FA3 is not a pip install. It requires compiling from source. And that’s where things went wrong for approximately 24 hours.
The build process compiles roughly 60,000 CUDA kernels. That is not a typo.
Attempt 1. I kicked off the build on a RunPod instance with a 20GB root disk. The compilation ran for over an hour before dying. Root disk filled to capacity, mid-build. CUDA kernel compilation generates enormous amounts of intermediate object files: .o files, cached compiler artifacts, temp staging directories. The disk just ran out. Killed. Clean up. Start over.
Attempt 2. Redirected the build output to /workspace, which has more room on RunPod. But pip defaults its temp directory to /tmp, which lives on the root disk regardless of where you point the output. The root disk filled again, different path, same error. Claude managed the retry loop on the environment setup. I made the call to try something different. Burned two hours.
Attempt 3. Provisioned a new pod with a 100GB root disk. Explicit temp directory overrides. Plenty of room this time. The pod was assigned to a datacenter in India. I watched the build run for hours, the line count climbing through the thousands, then tens of thousands. Then the network dropped. Not a clean failure. A partial one. Some kernels compiled, most didn’t, the state was corrupted, the cache was useless. Dead end.
Attempt 4. New pod, fresh region. Before the CUDA compilation even started, ninja failed to install. Ninja is the build tool that orchestrates the CUDA compilation. It’s not optional. It’s not a big install. It failed because of a network timeout on a package that’s a few hundred kilobytes. Not the 60,000 kernels. The tool that runs the 60,000 kernels. Failed before it even got started.
At some point around attempt three I started doing the math on what this was costing in GPU time. The answer was uncomfortable. GPU instances aren’t free while you’re watching them fail. Every provisioned pod, every build that ran for two hours before dying, every minute spent debugging environment configuration: all of it billed. I was spending real money on builds that produced nothing. Not experiments. Not data. Not model weights. A wheel file that didn’t exist yet.
Final attempt. Migrated to a new region entirely. Clean pod. Stable network. Set up the environment from scratch, redirected all temp directories explicitly, started the build.
The build log reached 61,300 lines.
The output wheel was 442 megabytes.
It compiled. Halle-f*cking-lujah.
Total cost of getting a CUDA extension to build: somewhere over $100 in compute and most of my remaining sanity slash will to live. For a dependency. Not for training. Not for experiments.

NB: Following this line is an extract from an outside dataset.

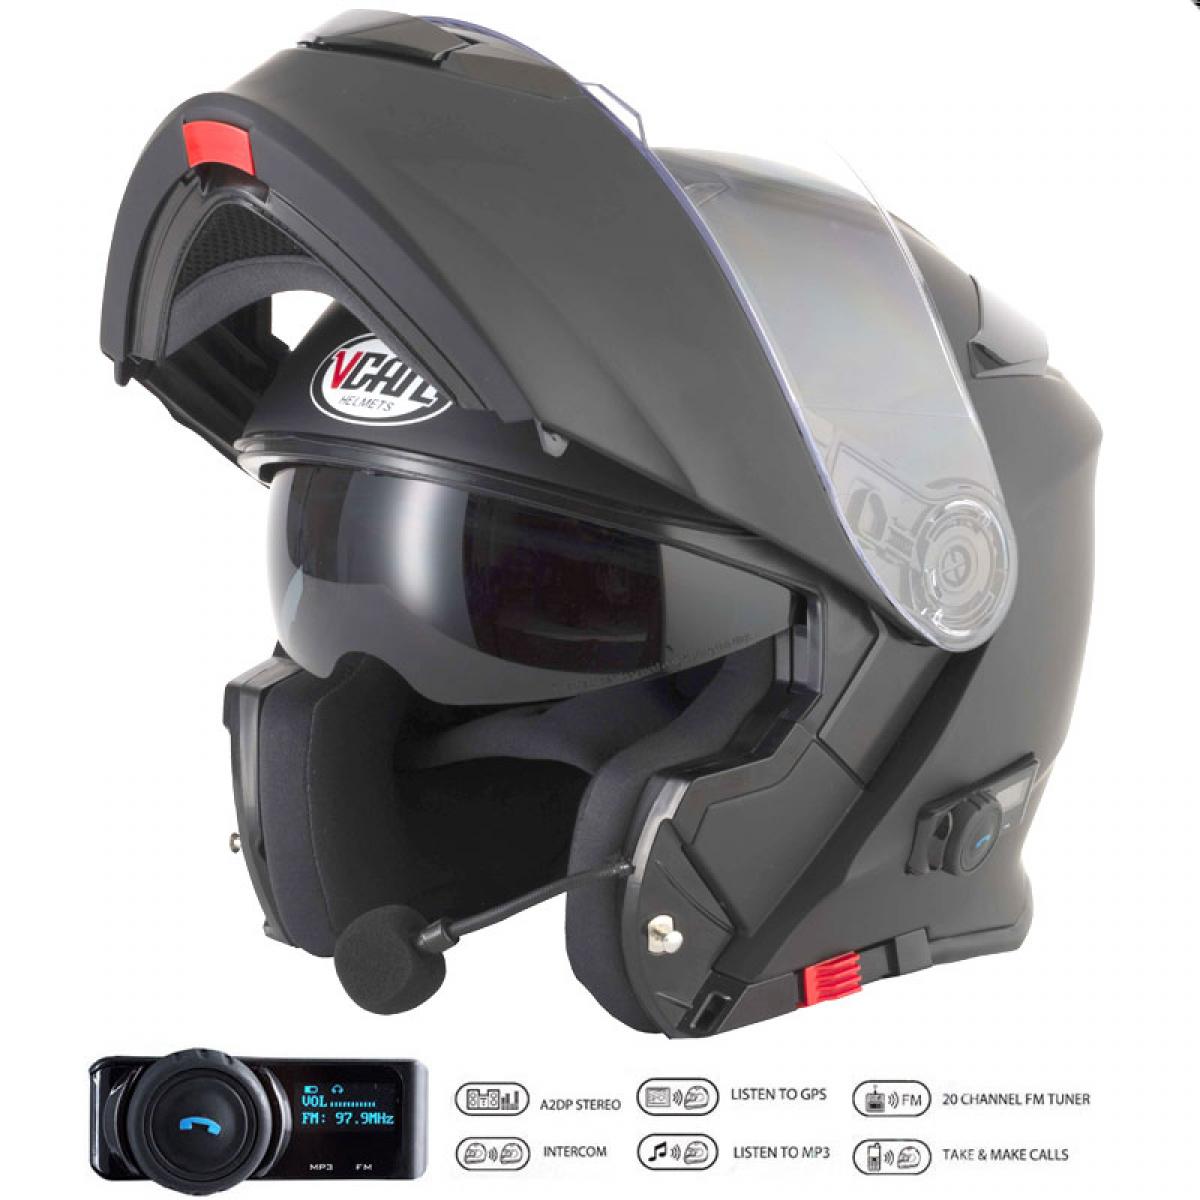 VCAN V271 flip front motorcycle helmet with integrated Bluetooth Comms ...

For the thing that lets you run the thing that lets you train the model. Yes there are pre-built wheels out there - for torch 2.8 as far as I could find - the official pod template runs 2.9.1 so we had to build as far as I know. Did my research agents fail me?
I’m not complaining. Everyone in this competition deals with similar infrastructure friction. This is just what it looks like when you’re doing this solo on a budget without a team to parallelize across. The top teams have people who’ve already solved this. I had Claude managing retry loops and me deciding when to abandon a pod. There’s tons of people who probably didn’t even notice this in this competition. They’re probably not reading this.
The first training run with FA3: 1.1229 bpb. 88ms per step.
That’s it. That’s the whole story of the speed gap. Matched verified SOTA on the first run after getting the dependency installed. I had been running at 99-131ms per step for two days thinking my architecture was the problem. It wasn’t. Swap one attention kernel for another and you drop to 88ms and the score follows.
The technique stack was right. The architecture was right. The only missing piece was the kernel.
1.1229 bpb. PR #414 sits at 1.1233. I was sitting at better-than-SOTA on a legitimate run.
And then I looked at the artifact size.
16.16 megabytes.
The competition limit is 16 megabytes. Not 16.16. Sixteen.